Error Classification

Non-retriable patterns are checked first. If an error matches a non-retriable pattern, it is never retried, even if it also matches a retriable pattern.

Retriable (queued for retry)

| Pattern | Catches | |---------|---------| | 429 | "Error code: 429 - ..." | | rate limit, rate_limit | "RateLimitError: ..." | | too many requests | HTTP 429 reason phrases | | budget | "Budget exceeded for ..." | | quota exceeded | Provider quota messages | | resource exhausted | gRPC-style exhaustion errors | | tokens per minute, tpm | TPM limit messages |

Non-retriable (ignored)

| Pattern | Reason | |---------|--------| | 401, 402, 403, 404 | HTTP client errors -- won't succeed on retry | | invalid api key, unauthorized | Auth errors -- fix your credentials | | invalid request, malformed | Bad request format -- won't succeed on retry | | model not found | Model doesn't exist | | context length, prompt too large | Context overflow -- message is too long | | insufficient credits | Billing issue -- requires user action |

Edge Cases

Server restarts: the queue is persisted to {stateDir}/ratelimit-retry/queue.json and reloaded on startup.
Same session errors multiple times: deduplicated by sessionKey. The existing entry is updated with incremented attempts and a recalculated retryAfter.
Retry fails with 429 again: agent_end fires again, re-queuing with incremented attempts. Natural loop until success or maxRetryAttempts.
Gateway unreachable during retry: connection error is caught, entry's retryAfter is pushed to the next budget window to avoid hammering a down gateway every tick.
Max attempts exceeded: entry is removed from queue and a warning is logged.
Sub-agent sessions: handled identically -- sessionKey format agent:X:subagent:Y works the same way.
Timer fires during active retry: a retryInProgress guard prevents overlapping batches.
Queue file corrupted: JSON parse errors are caught; service starts with an empty queue and logs a warning.
Queue overflow: capped at 100 entries.
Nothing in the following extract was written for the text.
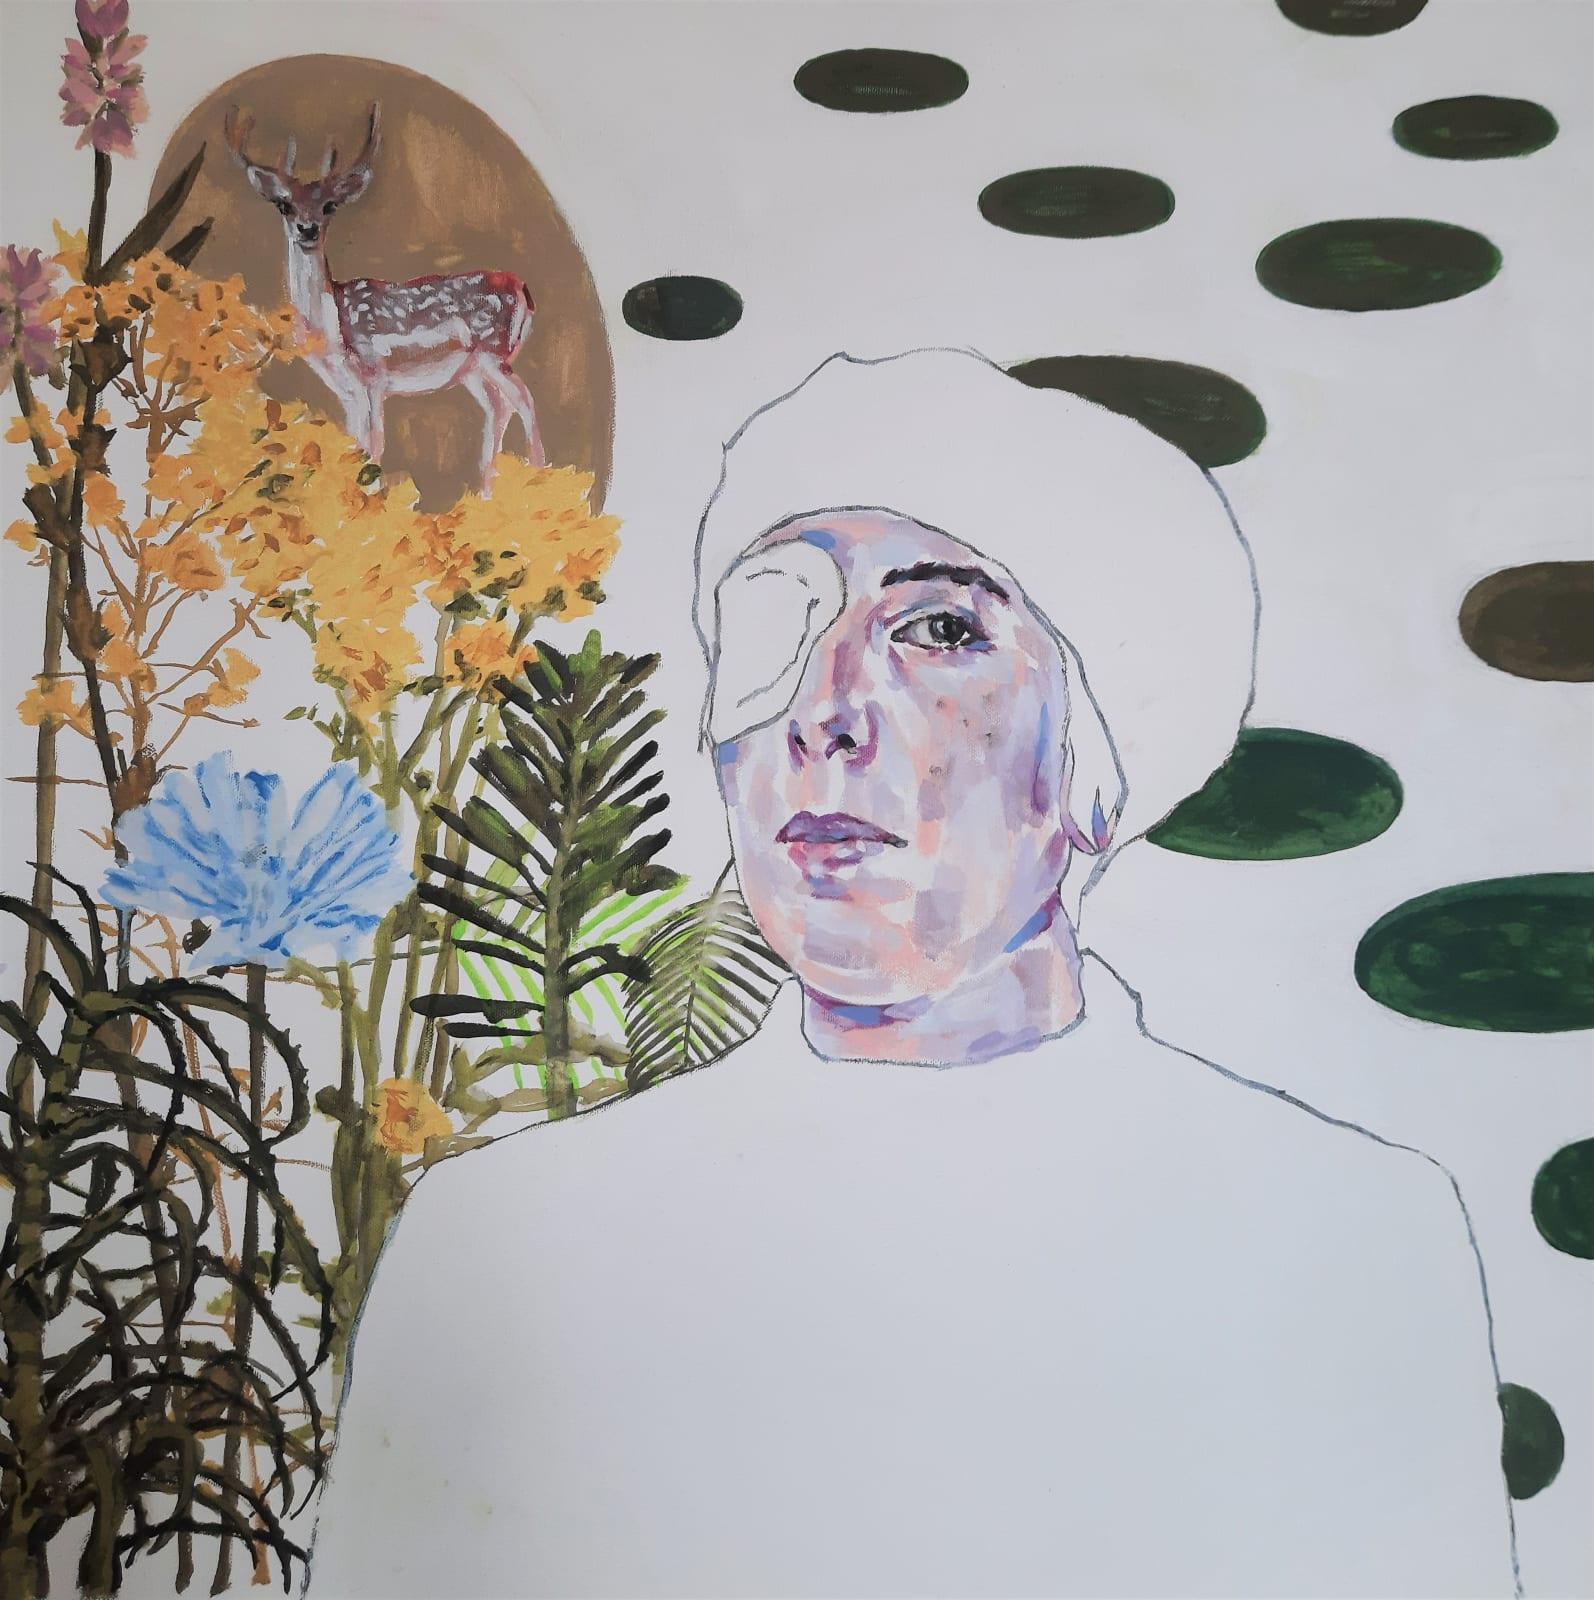 Barbara Bonfilio, Self Portrait with bandaged eye
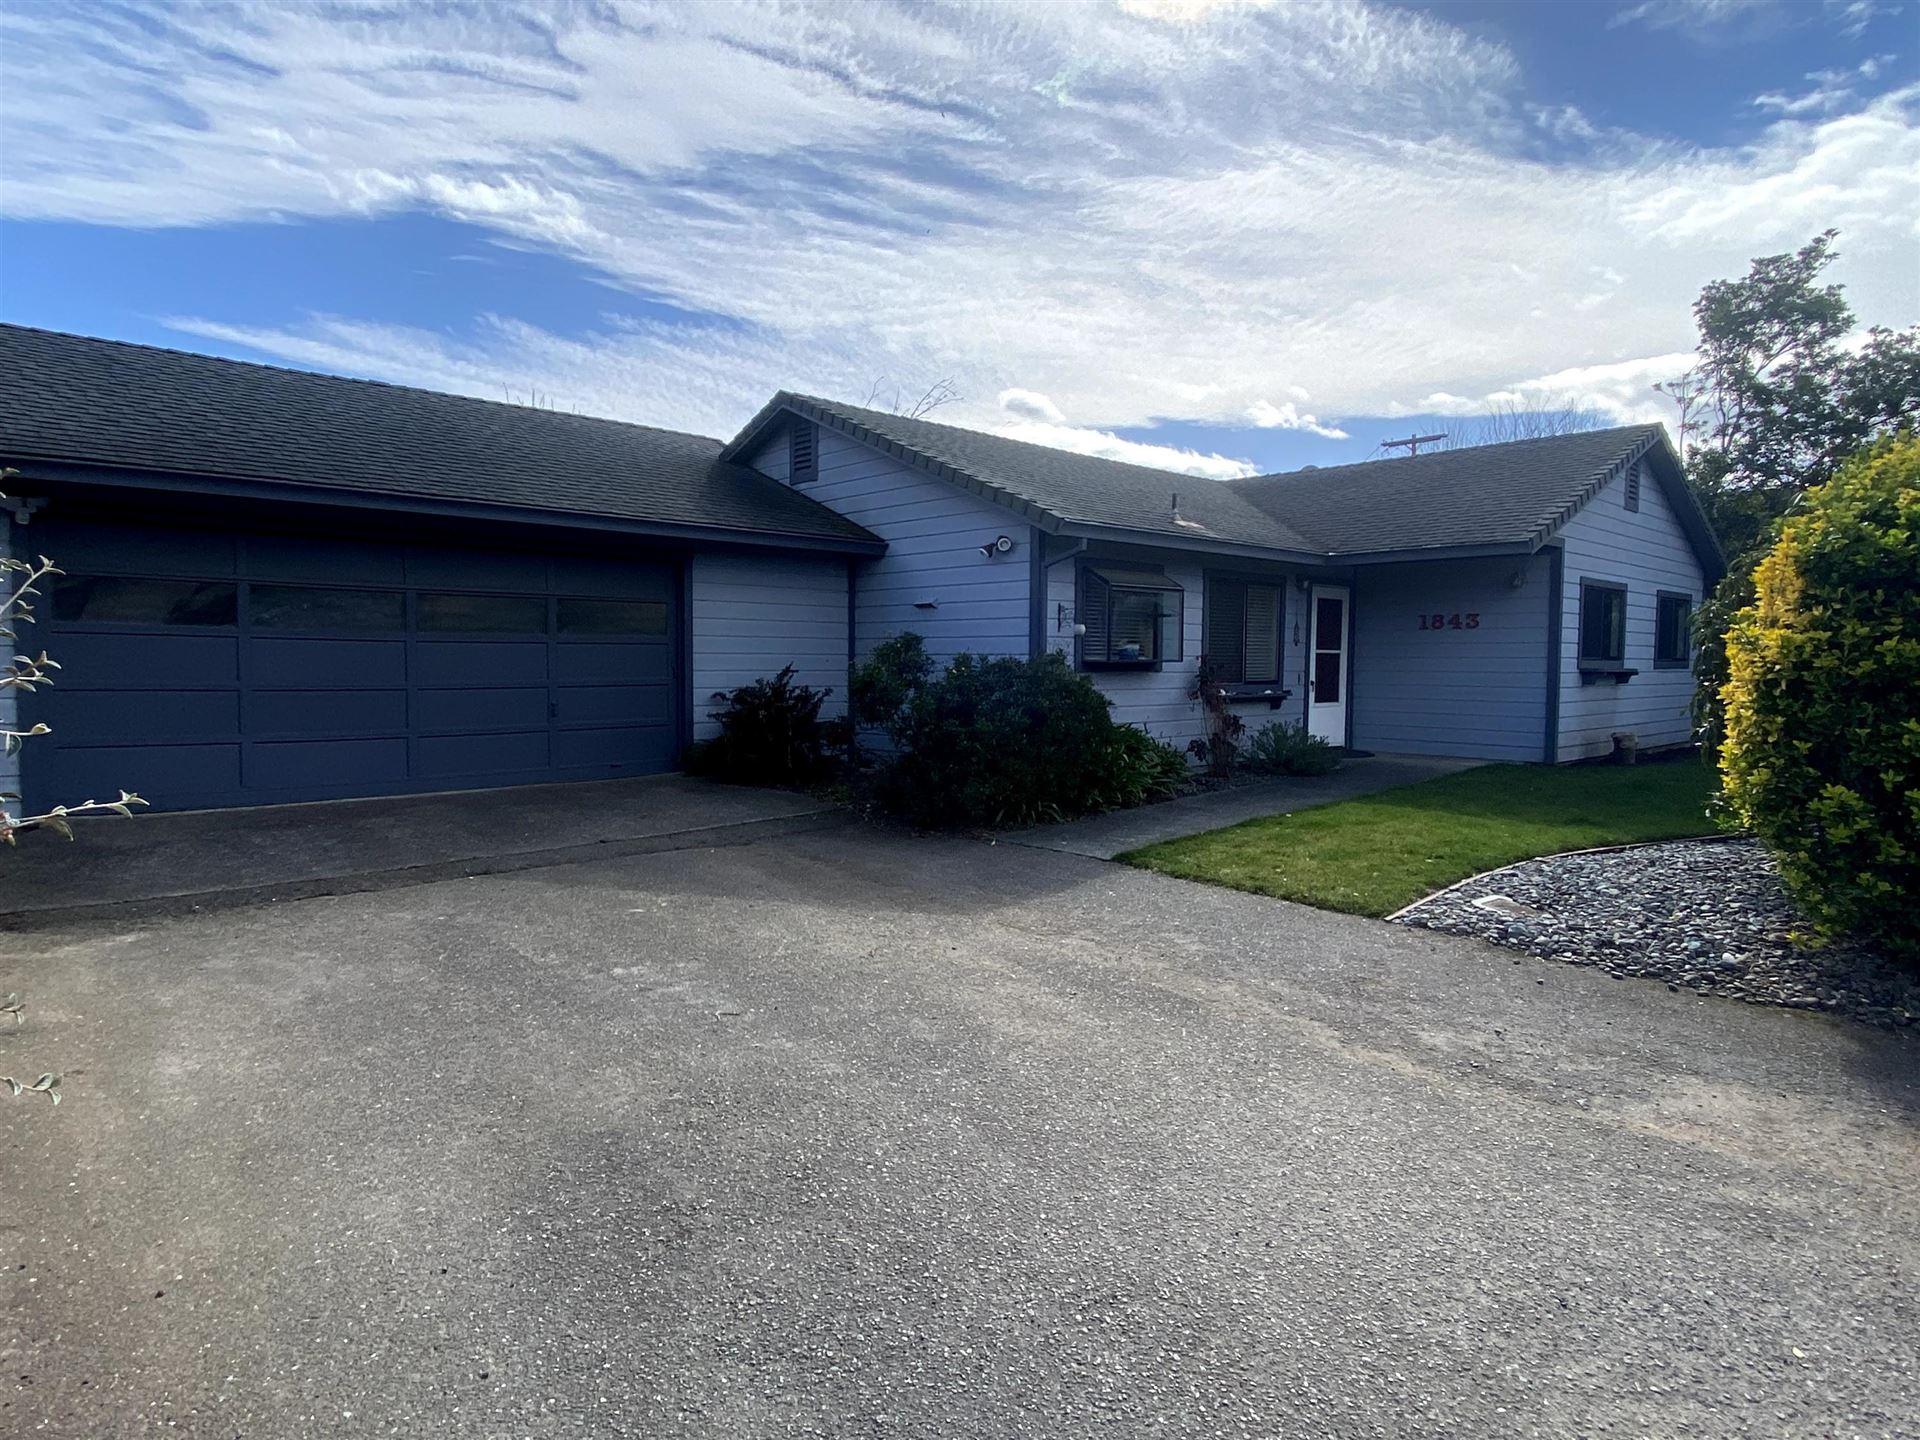 1843 Stephanie Court, Myrtletown, CA 95501 - MLS#: 258450

Oldest entries are evicted when full.
Atomic writes: queue is written to a uniquely-named .tmp file first, then renamed, to prevent corruption on crashes or concurrent writes.

Limitations

Fire-and-forget window: after chat.send returns its ack, there is a brief period where the retried run is in progress. If it fails with 429 again immediately, there is a small window before the agent_end hook fires and re-queues it. This is by design -- the re-detection loop handles it.
chat.send requires a non-empty message: the retry always sends the configured retryMessage. It cannot send an empty message to silently resume.
No partial-run recovery: the plugin resumes the conversation from the last completed turn. It does not replay partial streaming output that was interrupted.
Single-instance only: the queue is a local JSON file with no locking. Running multiple OpenClaw instances sharing the same ~/.openclaw/ directory is not supported.
No backpressure on the provider: the plugin retries all ready sessions in sequence. If you have many queued sessions, they all fire at the start of the next window.

License

MIT

Contributing

Contributions are welcome. Please open an issue first to discuss what you would like to change.

git clone https://github.com/cheapestinference/openclaw-plugin-ratelimit-retry
cd openclaw-plugin-ratelimit-retry
# No build step. OpenClaw loads .ts files directly via Jiti.